WORK REQUIRED |
Reproduce word for word the line holding "[12단 진동 패턴+보이스" and all lines after it in the data, through the end, leaving out pictures.

DATA |
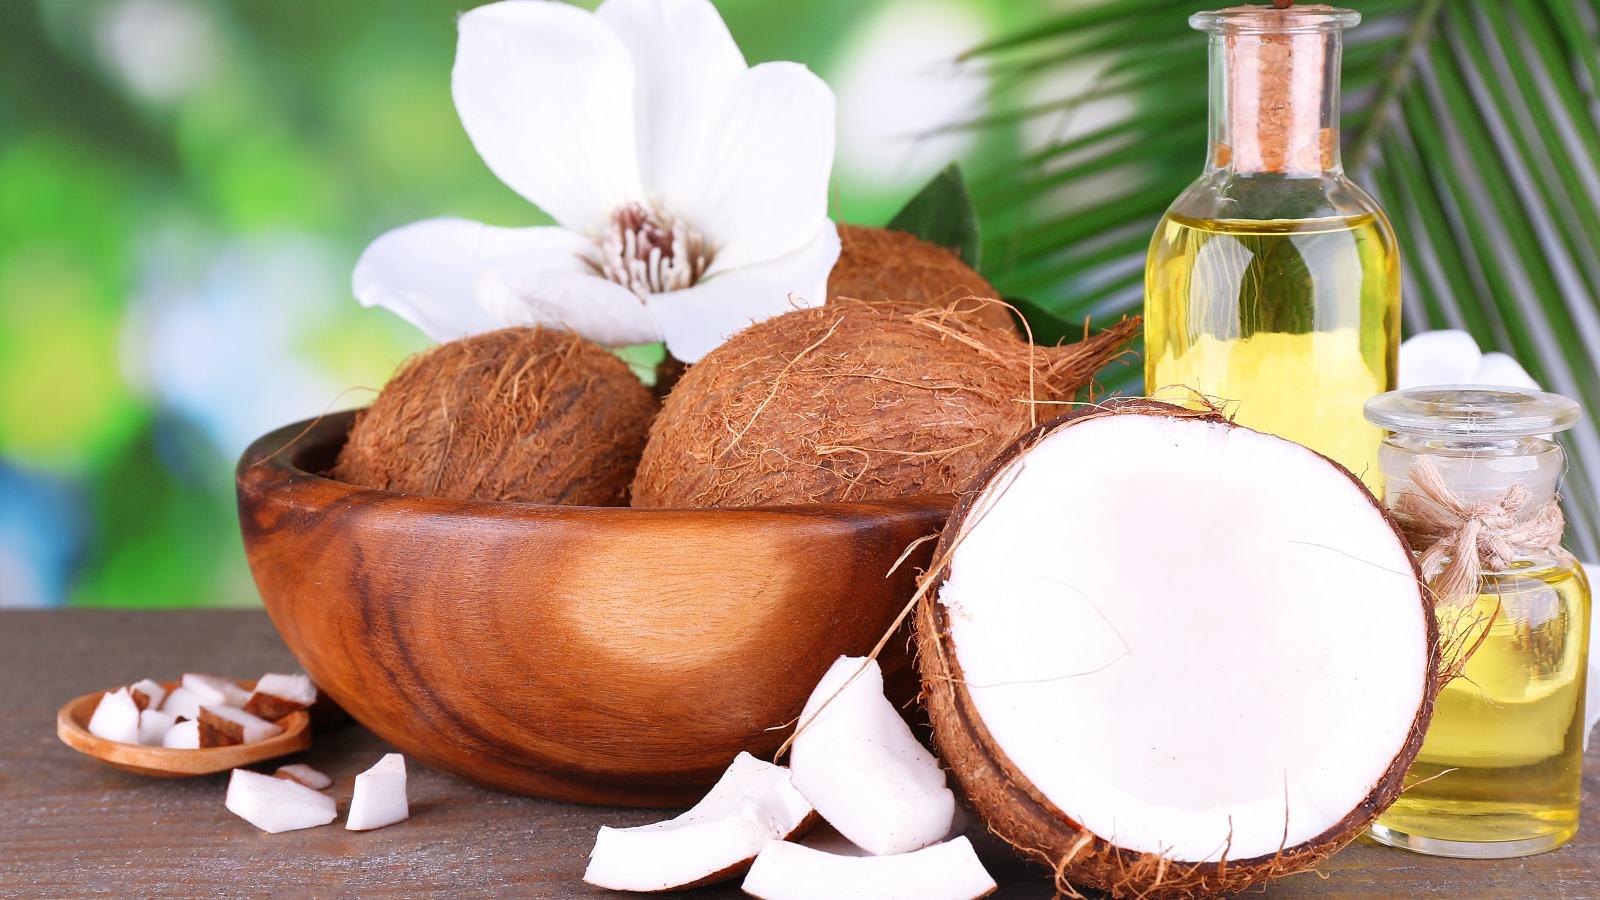 Кокосовое масло, кокосы и цветы
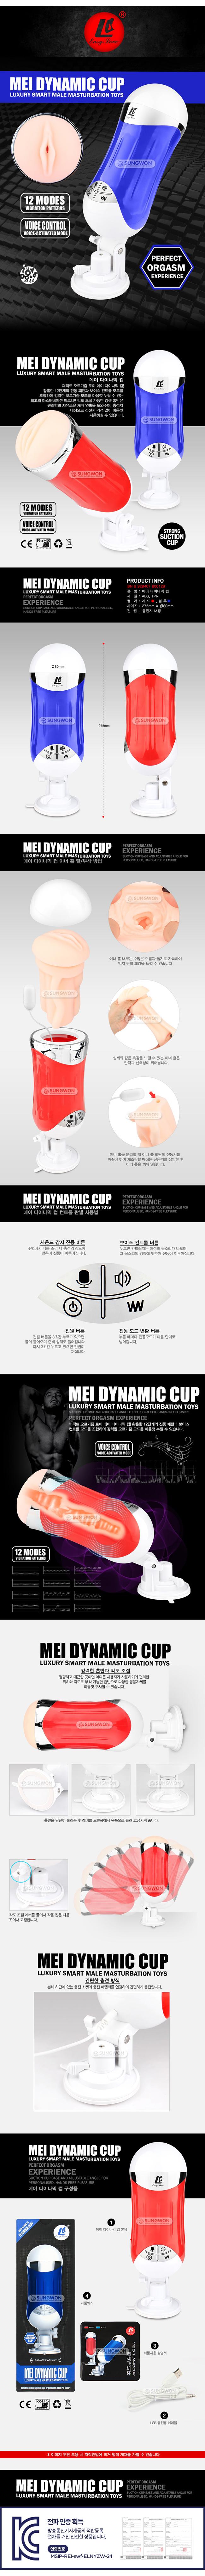 [12단 진동 패턴+보이스 컨트롤] 메이 다이나믹 컵(Mei Dynamic Cup) - 이지러브(6928407800129) (SAH)
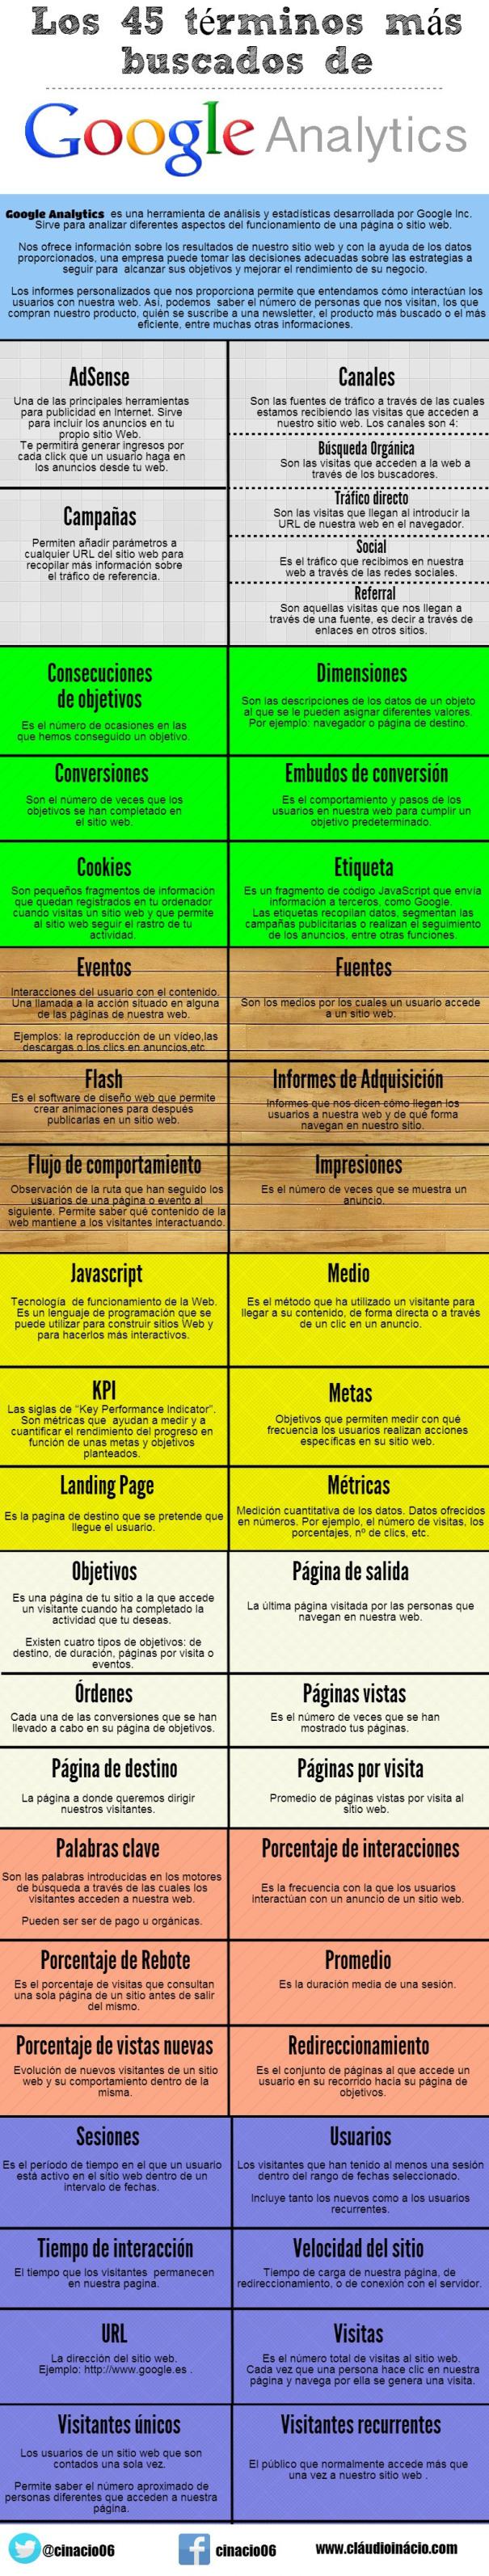 Los 45 términos más buscados en Google Analytics #infografia #infographic #marketing - TICs y Formación

YOUR SOLUTION |
 [12단 진동 패턴+보이스 컨트롤] 메이 다이나믹 컵(Mei Dynamic Cup) - 이지러브(6928407800129) (SAH)
 Los 45 términos más buscados en Google Analytics #infografia #infographic #marketing - TICs y Formación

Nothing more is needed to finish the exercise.